6762 s. Kanun m.1299 “Sigorta bedelini ödeme borcu, karada ve iç sularda taşıma rizikolarına ait sigortalar dahil, bütün mal sigortalarında, rizikonun gerçekleştiğini sigortacıya ihbar borcunun 1292 nci madde hükmünce doğduğu tarihten muaccel olur” hükmü gereğince sigorta tazminatının muacceliyeti rizikonun gerçekleştiğinin sigortacıya ihbar borcunun doğduğu tarihte, İhbar borcu ise rizikonun gerçekleştiğinin öğrenilmesi ile başlamaktadır.
ETTK m.1292 “Sigorta ettiren kimse sigortanın taallük ettiği rizikonun gerçekleştiğini haber aldığı tarihten itibaren beş gün içinde sigortacıya haber vermeye mecburdur.”
davacı taraf … Şubesi sorumlu müdürü …’a yerinde bulunmayan şirket mallarının teslimi için 13/01/2009 tarihine ihtarname keşide ettiği, teslim edilmemesi üzerine hakkında şikayette bulunduğu ve …. Asliye Ceza Mahkemesi … E… K. Sayılı karar ile davacı sigortalının işçisinin emniyeti suistimal suçunu işlediğinin sabit olduğuna karar verildiği, 02/02/2009 tarihli …. Noterliği … yevmiye nolu ihtarname ile davalı sigorta şirketine hasar ihbarı ve ödeme talebinde bulunulduğu, davalı sigortanın kararırn kesinleşmemesi nedeniyle ödeme yapmadığı, bunu üzerine karar kesinleştikten sonra 02/11/2017 tarihli …. Noterliği … yevmiye nolu ihtarname ile davalı sigorta şirketine ticari faizi ile birlikte hasar ihbarı tekit edildiği, 16/11/2017 tarihinde sigorta şirketince 87.773,57TL ödemede bulunulduğu ancak davacının ekspertiz raporunda belirtilen 53.308,11 USD nin fiili ödeme günündeki TL karşılığının ödenen bedel mahsup edilerek faiziyle birlikte ödenmesi için davalı sigortaya karşı 25/12/2017 tarihli …. Noterliği … yevmiye nolu ihtarname keşide ettiği anlaşılmıştır.
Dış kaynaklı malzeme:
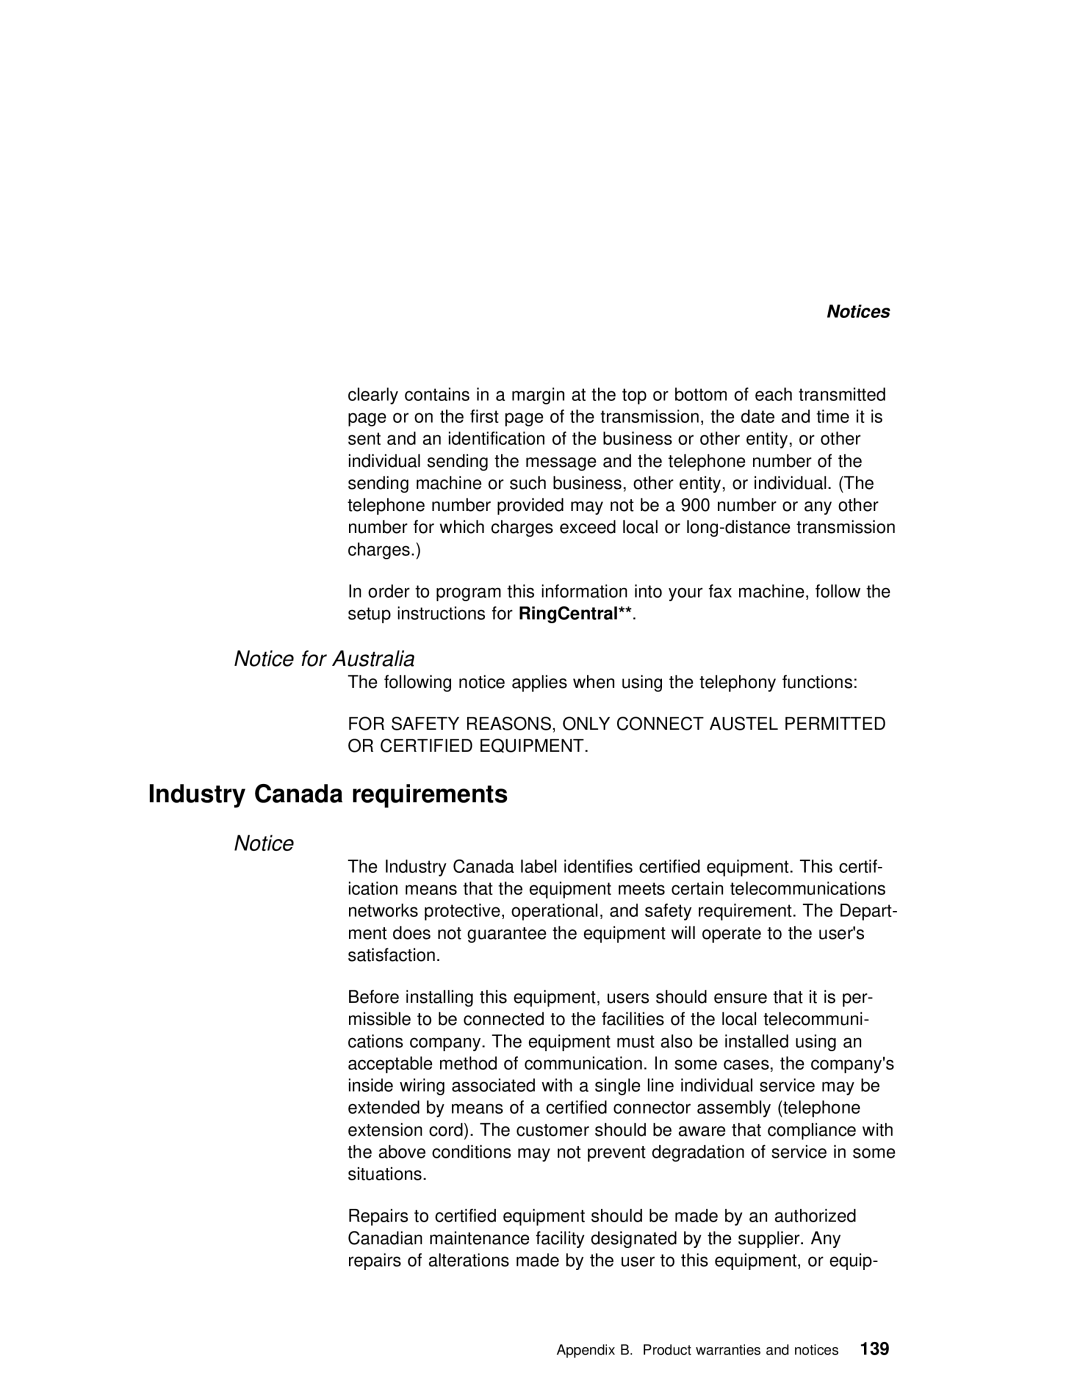 IBM i Series 1300, i Series 1200 manual Industry Canada requirements, Australia

Olayda sigorta şirketine ihbarın süresinde yapıldığı anlaşılmaktadır.
Ancak, sigorta tazminatının muacceliyetine ilişkin olarak kendisine riziko ihbarı yapılan sigortacının da araştırma ve inceleme yapma hakkının bulunduğu unutulmamalıdır. Dolayısıyla, muacceliyet konusunda riziko ihbarı yanında sigortacının edimine ilişkin araştırmaları da tamamlamış olması önemli bir kriterdir. Ancak, menfaatler dengesinin korunması açısından sigortacının incelemesine de bir süre sınırlandırması getirilmelidir. 6102 sayılı Kanun m.1427 uyarınca su sürenin zarar sigortalarında rizikonun gerçekleştiğinin ihbar borcunun doğduğu tarihten itibaren 30 gün, can sigortalarında ise araştırma yapılacak şeylerin kapsamının daha dar ve zarar sigortasına göre daha net olmasından dolayı 15 gün olarak öngörülmüştür. Ancak, menfaatler dengesinin korunması bakımından sigortacıya yüklenilemeyen nedenlerden dolayı incelemeler tamamlanamamışsa, örneğin gerekli evrakların sigorta ettiren veya sigortalı tarafından sigortacıya zamanın veya hiç verilmememsinde olduğu gibi, bu süreler işlemeyecektir. Diğer taraftan, sigortacı rizikonun gerçekleştiği kendisine ihbar yapılmadan öğrenmiş ise, muacceliyet için rizikonun gerçekleştiğine ilişkin ihbarın yapılmış olması da aranmamalıdır.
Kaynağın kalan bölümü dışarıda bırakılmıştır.